5.7-liter V8 (300S, 300C)
363 horsepower @ 5,200 rpm
394 lb-ft of torque @ 4,200 rpm
EPA city/highway fuel economy: 16/25 mpg (RWD), 15/23 mpg (AWD)

6.4-liter V8 (SRT-8)
470 horsepower @ 6,000 rpm
470 lb-ft of torque @ 4,200 rpm
EPA city/highway fuel economy: 14/23 mpg

Pricing Notes

The very well-equipped 2013 Chrysler 300 has a Manufacturer's Suggested Retail Price (MSRP) of around $31,000. Add lots of options and you can eventually make your way up to about $50,000 for a fully-loaded 300C AWD. The SRT8 starts around $49,000. To make your best deal, be sure to check our Fair Purchase Price, which shows what other in your area are paying for the 300. The 2013 Chrysler 300's value proposition is strong on price and product, but takes a bit of a hit when considering resale values.
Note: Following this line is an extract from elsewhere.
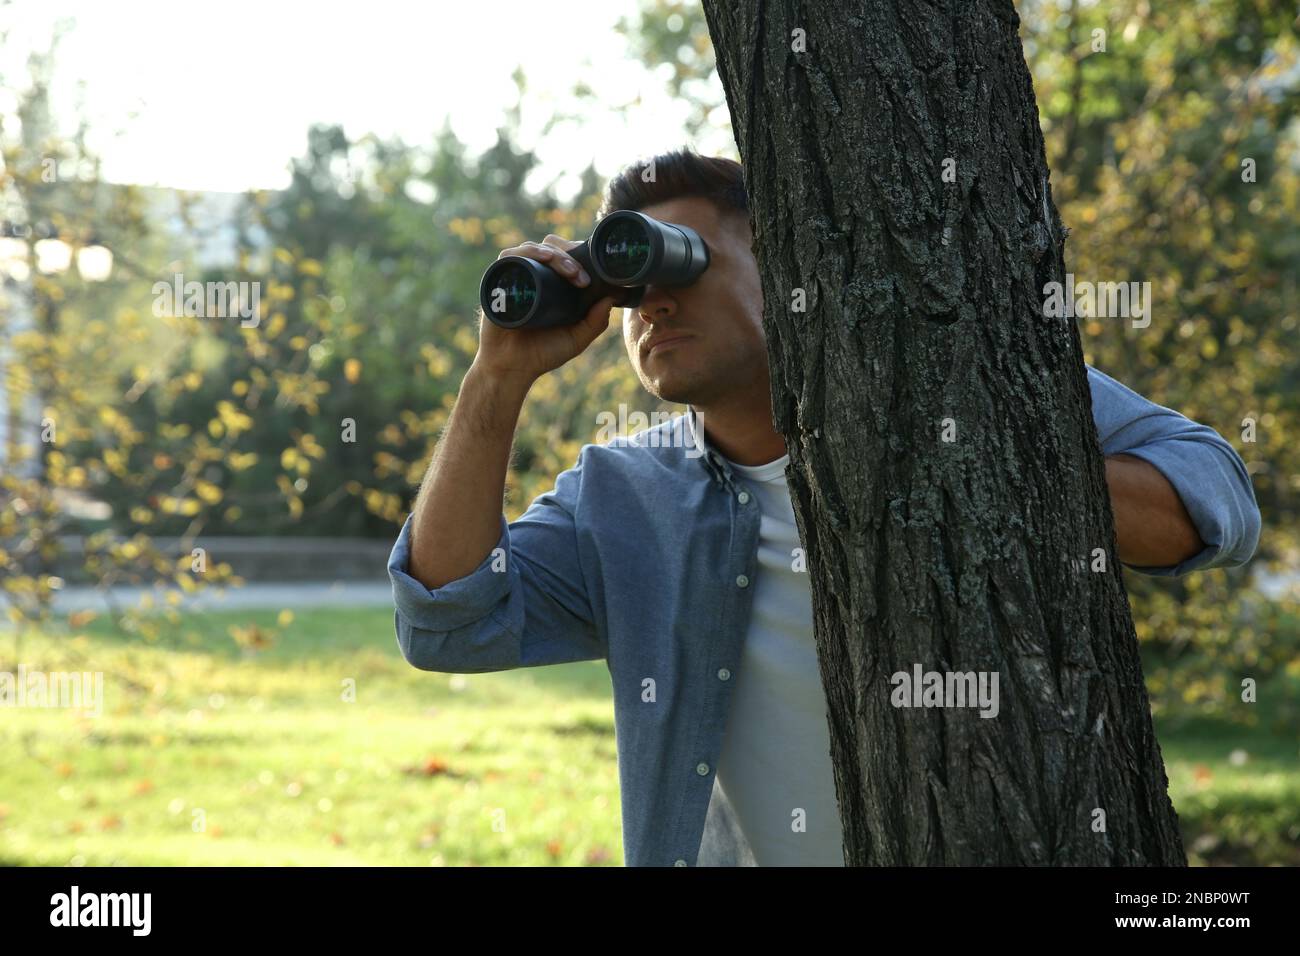 Jealous man with binoculars spying on ex girlfriend in park Stock Photo

However, Chrysler often has a number of incentives and rebates that can significantly reduce the actual transaction price, so be sure to check what is being offered. As for resale value, we expect the 2013 Chrysler 300 to hold average 5-year projected values, falling well below the Toyota Avalon and Hyundai Genesis, but nearly on par with the Ford Taurus and Buick LaCrosse.